Containers as kernel objects — again

Posted Feb 22, 2019 20:26 UTC (Fri) by jejb (subscriber, #6654)
In reply to: Containers as kernel objects — again by jhoblitt
Parent article: Containers as kernel objects — again

OK, so it is possible to set up unprivileged docker and a few people are doing it. I always use unprivileged containers for my use case as well. However, I don't think you would argue that the number of people doing any form of unprivileged containers is dwarfed by the number of people who simply add privilege to the standard docker container to make it work (and usually this means real root). This is known to be a huge source of security issues (the latest being the runc CVE) but people do it anyway. Therefore, I stand by my statement that if you were to enforce the container description to be what the majority do today it would be without the user namespace. I'm in no way arguing this is right, and it's definitely not secure, but it is the majority container construction.

The meta point here, I think, is that the notion we've been experimenting long enough to have an idea of what a good container construction consists of is actually wrong and we're still need to experiment further. Which also means we really don't yet want to be pejorative about container constructions at the kernel level because that hobbles the experimentation.

Containers as kernel objects — again

Posted Feb 22, 2019 20:33 UTC (Fri) by bfields (subscriber, #19510) [Link] (4 responses)

I'm confused. David's container_create() still has a flags argument allowing the caller to choose which namespaces to inherit. So you're free to either create a new user namespace or not.

Containers as kernel objects — again

Posted Feb 22, 2019 20:47 UTC (Fri) by jejb (subscriber, #6654) [Link] (3 responses)

> I'm confused. David's container_create() still has a flags argument allowing the caller to choose which namespaces to inherit.
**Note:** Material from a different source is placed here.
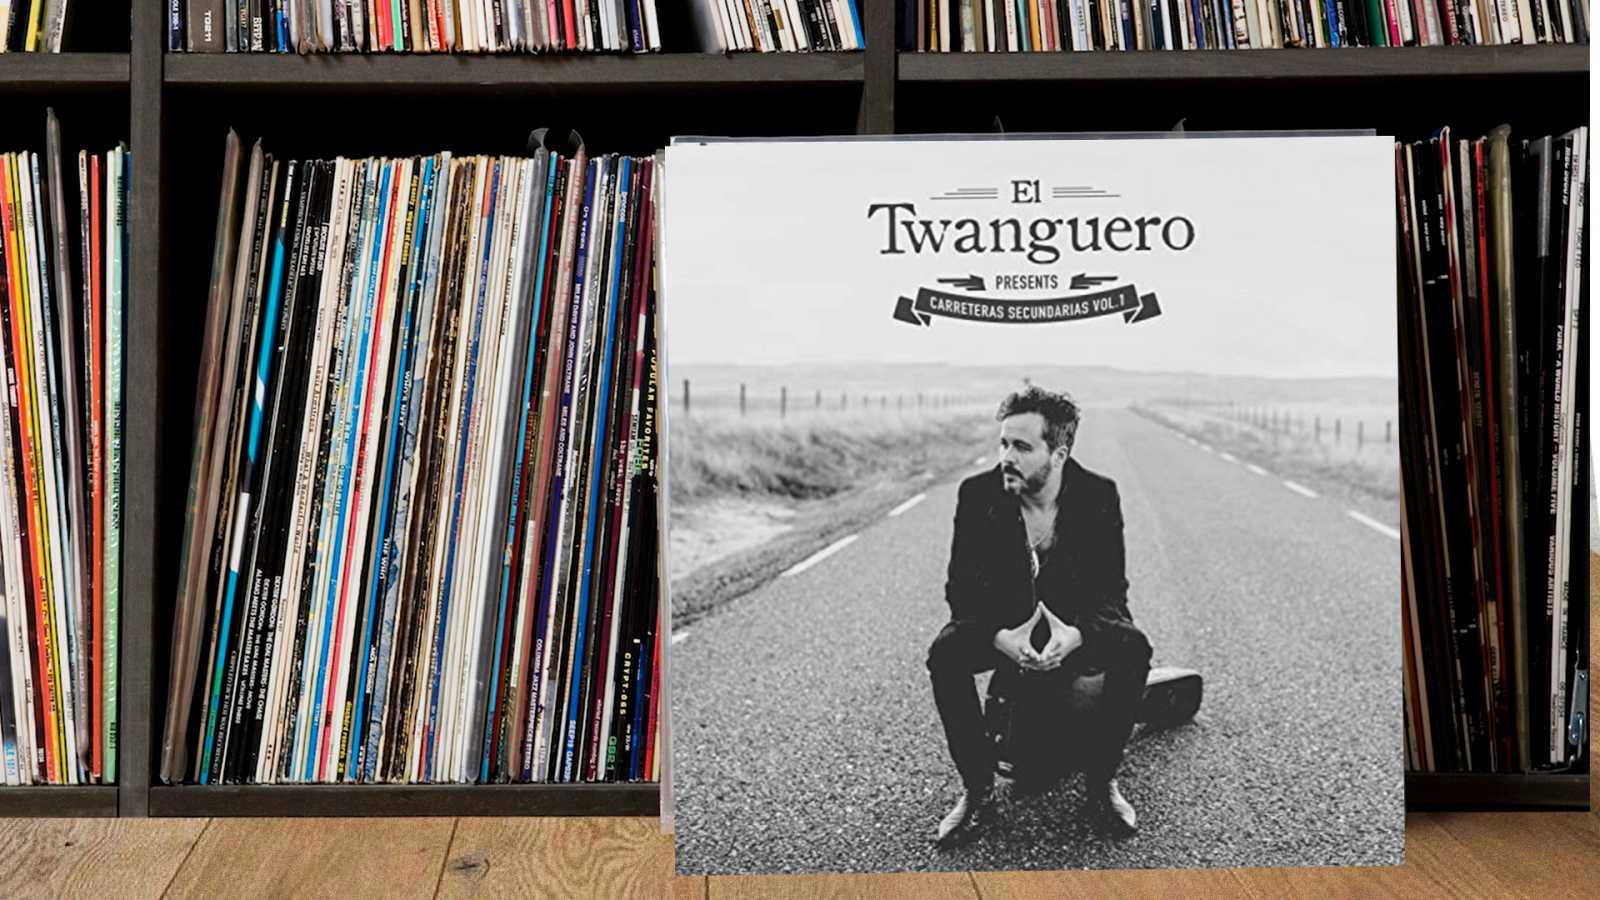 Doce Pulgadas - El Twanguero: Carreteras Secundarias, Vol. 1 - Escuchar ahora

So you're free to either create a new user namespace or not.

Allowing limited flexibility over the current interface doesn't make it non-pejorative. For instance:

1. It has a concept of init meaning it seems to require the PID namespace regardless of the flag.
2. requiring init also requires a container be populated by at least one process. This seems to completely deny the current concept of bind mounting a namespace (i.e. creating an empty container)
3. Nesting doesn't seem to be thought through
4. In kubernetes terms is your container id the container or the pod? The common audit use case seems to imply it should be the pod.
And so on ...

As I said: you can regard the above as bugs or features, but you can't deny it introduces a pejorative view of a kernel container.

Containers as kernel objects — again

Posted Feb 23, 2019 17:22 UTC (Sat) by drag (guest, #31333) [Link]

> 4. In kubernetes terms is your container id the container or the pod? The common audit use case seems to imply it should be the pod.

Not exactly sure what you are talking about here, but I would like to point out that in Kubernetes a pod can be made up of any number of containers. When you are doing things like sidecar containers or init containers (as in stuff that runs before the application starts) then you can have containers made by different projects and different people with different assumptions about uids and whatnot.

So certainly you want to be able to audit and interact with things on a per container level. Such interactions should be avoided as much as possible, but occasionally you need to still deal with individual containers. Usually when viewing logs or debugging things.

Containers as kernel objects — again

Posted Feb 24, 2019 19:18 UTC (Sun) by NYKevin (subscriber, #129325) [Link] (1 responses)

> 1. It has a concept of init meaning it seems to require the PID namespace regardless of the flag.

I don't think that necessarily follows. See for example prctl(PR_SET_CHILD_SUBREAPER) (which lets a process become init-like with respect to its children, without having PID 1).

I do agree that running (for example) systemd with PID != 1 is likely to be a minor headache, but nobody said you have to use systemd (or whatever) as your init system. You could just as easily write a bespoke program that forks off some hard-coded set of children and wait()s for them.

Containers as kernel objects — again

Posted Feb 25, 2019 8:18 UTC (Mon) by smcv (subscriber, #53363) [Link]

bubblewrap is an example of a program that forks into a container, turns the forked child into pid 1/the reaper for the container, and forks again to run the useful content of the container. It's the container-runner for Flatpak, among others (analogous to the role of runc in Docker), and Flatpak apps all run as pid 2 inside the container, unless they fork again.

The actual reaper process is very simple: it just calls wait() in a loop. The complicated parts of something like systemd (or even sysvinit) are the parts that set up and run all the services, not the part that reaps processes.